- Recent studies from Germany and Puerto Rico, and a global meta-study, all point to a serious, dramatic decline in insect abundance. Plummeting insect populations could deeply impact ecosystems and human civilization, as these tiny creatures form the base of the food chain, pollinate, dispose of waste, and enliven soils.
- However, limited baseline data makes it difficult for scientists to say with certainty just how deep the crisis may be, though anecdotal evidence is strong. To that end, Mongabay is launching a four-part series — likely the most in-depth, nuanced look at insect decline yet published by any media outlet.
- Mongabay interviewed 24 entomologists and researchers on six continents working in over a dozen nations to determine what we know regarding the “great insect dying,” including an overview article, and an in-depth story looking at temperate insects in the U.S. and the European Union — the best studied for their abundance.
- We also utilize Mongabay’s position as a leader in tropical reporting to focus solely on insect declines in the tropics and subtropics, where lack of baseline data is causing scientists to rush to create new, urgently needed survey study projects. The final story looks at what we can do to curb and reverse the loss of insect abundance.
In recent months a debate over whether a global insect apocalypse is underway has raged in the mainstream media and among researchers. To assess the range of scientific opinion, Mongabay interviewed 24 entomologists and other scientists working on six continents, in more than a dozen countries, to better determine what we know, what we don’t, and, most importantly, what we should do about it. This is part one of a four-part exclusive series by Mongabay senior contributor Jeremy Hance. Read Part II, “Vanishing act in Europe and North America” here.
Dust stirred up by the wind turns a Kenyan sunset deep scarlet. Then, as day fades to night, millions, maybe billions, of insects, fly to the artificial lights of homes found at the edge of the bush. One of those residents is Dino Joseph Martins, and while his evidence is anecdotal, the entomologist is a highly qualified observer. Martins has vivid recollections of a time when the abundance of insects swirling around the lights illuminating his outdoor dinner table were staggering.
“You would struggle to sit down to eat your supper because you would have endless beetles and [flying] things falling in your bowl of soup,” he said. Today, “that happens far less.” Now, dinner in the African bush may be a pleasanter affair, but it’s much more disquieting.
Martins, the executive director of the Mpala Research Center, was born and raised in Kenya. As a child, he recalls visiting forests during the wet season that were filled with “tens of thousands of butterflies and other things lining the paths and the roads.” He says you can still find the same kinds of insects in those same forests nowadays, “but in far, far fewer numbers.”
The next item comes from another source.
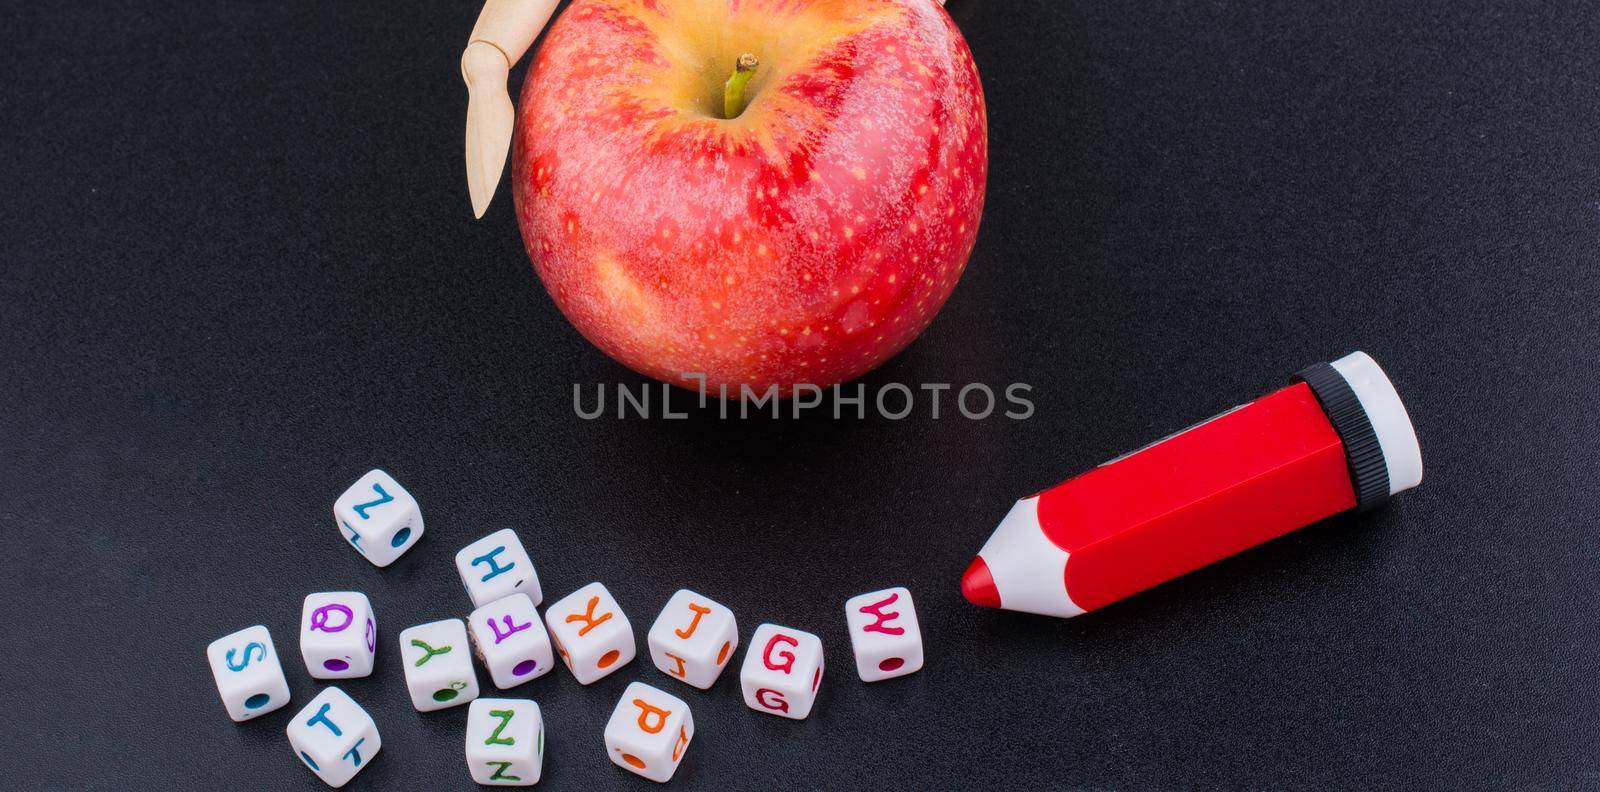 Back to school theme with an apple by berkay
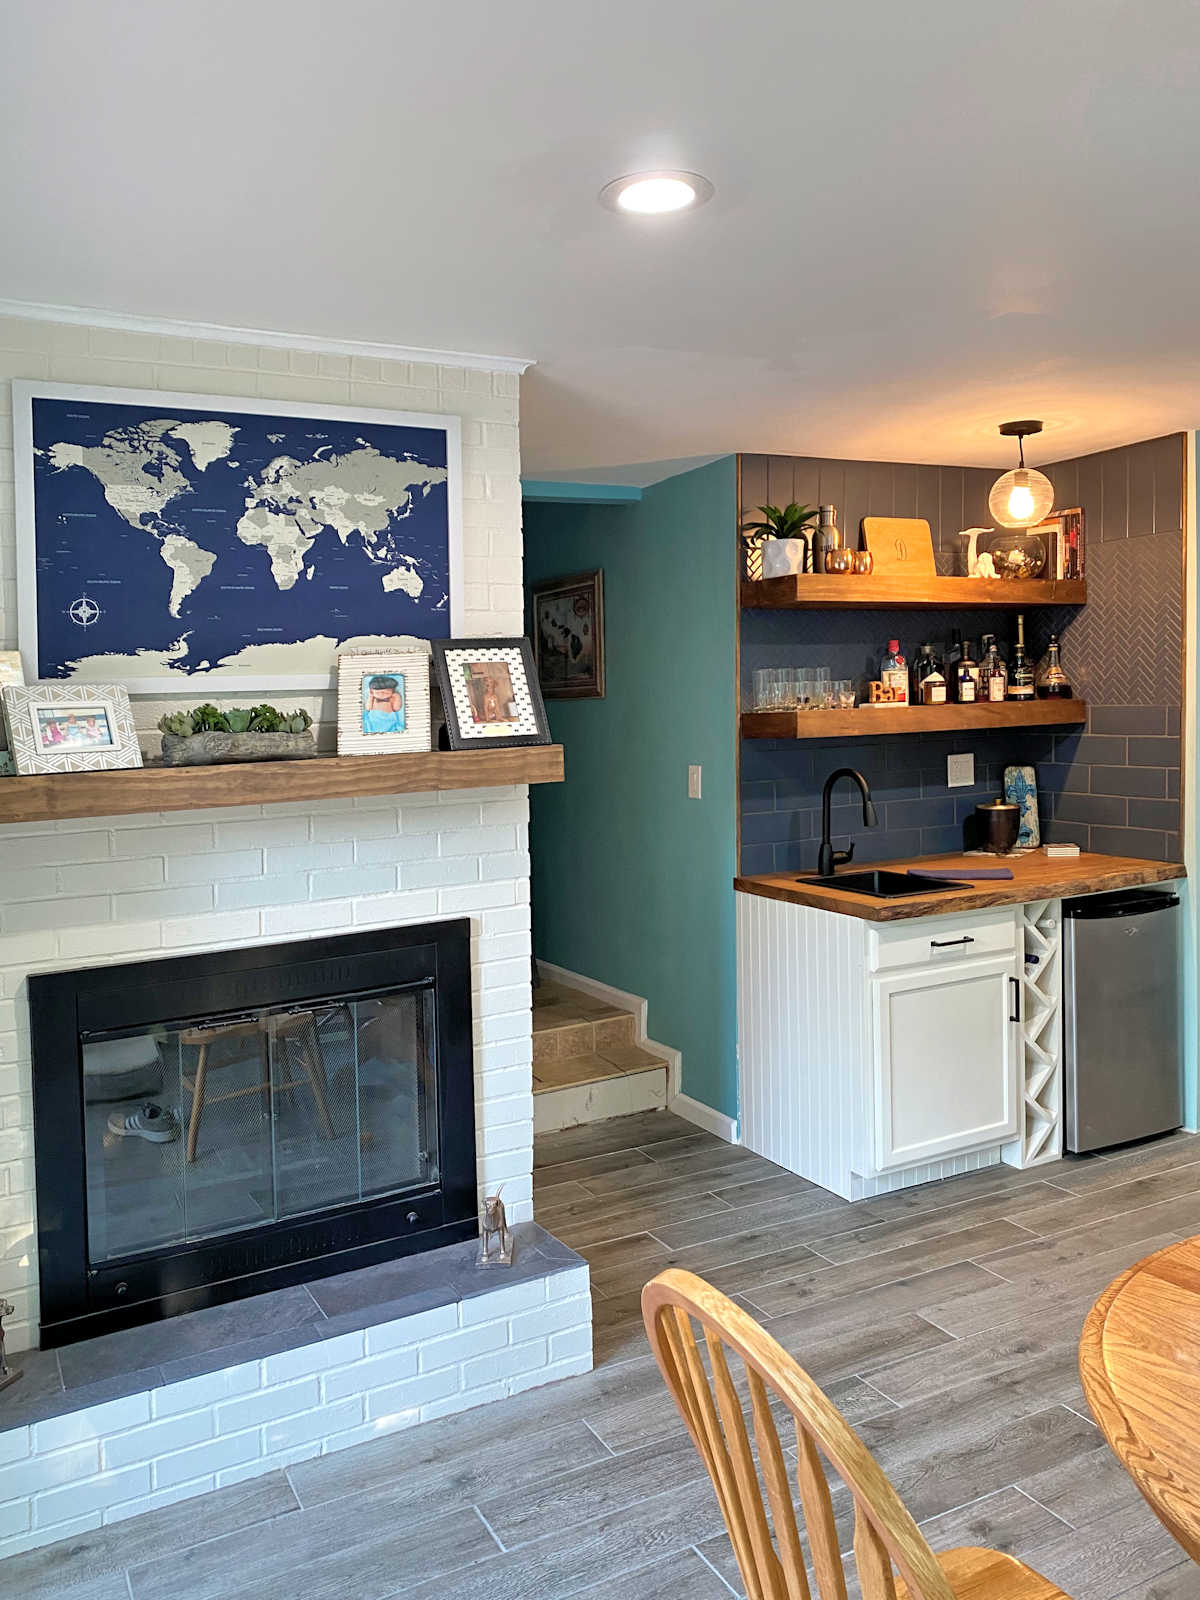 wet bar area in living room with live edge wood countertop, white cabinets, wood floating shelves, and dark blue tiles

“I just wish we had collected [abundance] data more robustly earlier on, which we hadn’t done,” says Martins. This dearth of baseline data on insect abundance, everywhere around the globe, lies at the heart of an urgent question: is the great insect apocalypse underway, or not? And if it is, how bad is it, where is the crisis most acute, and how can we best respond?
“Now, of course, we should start,” Martins adds. “That’s where we are at.”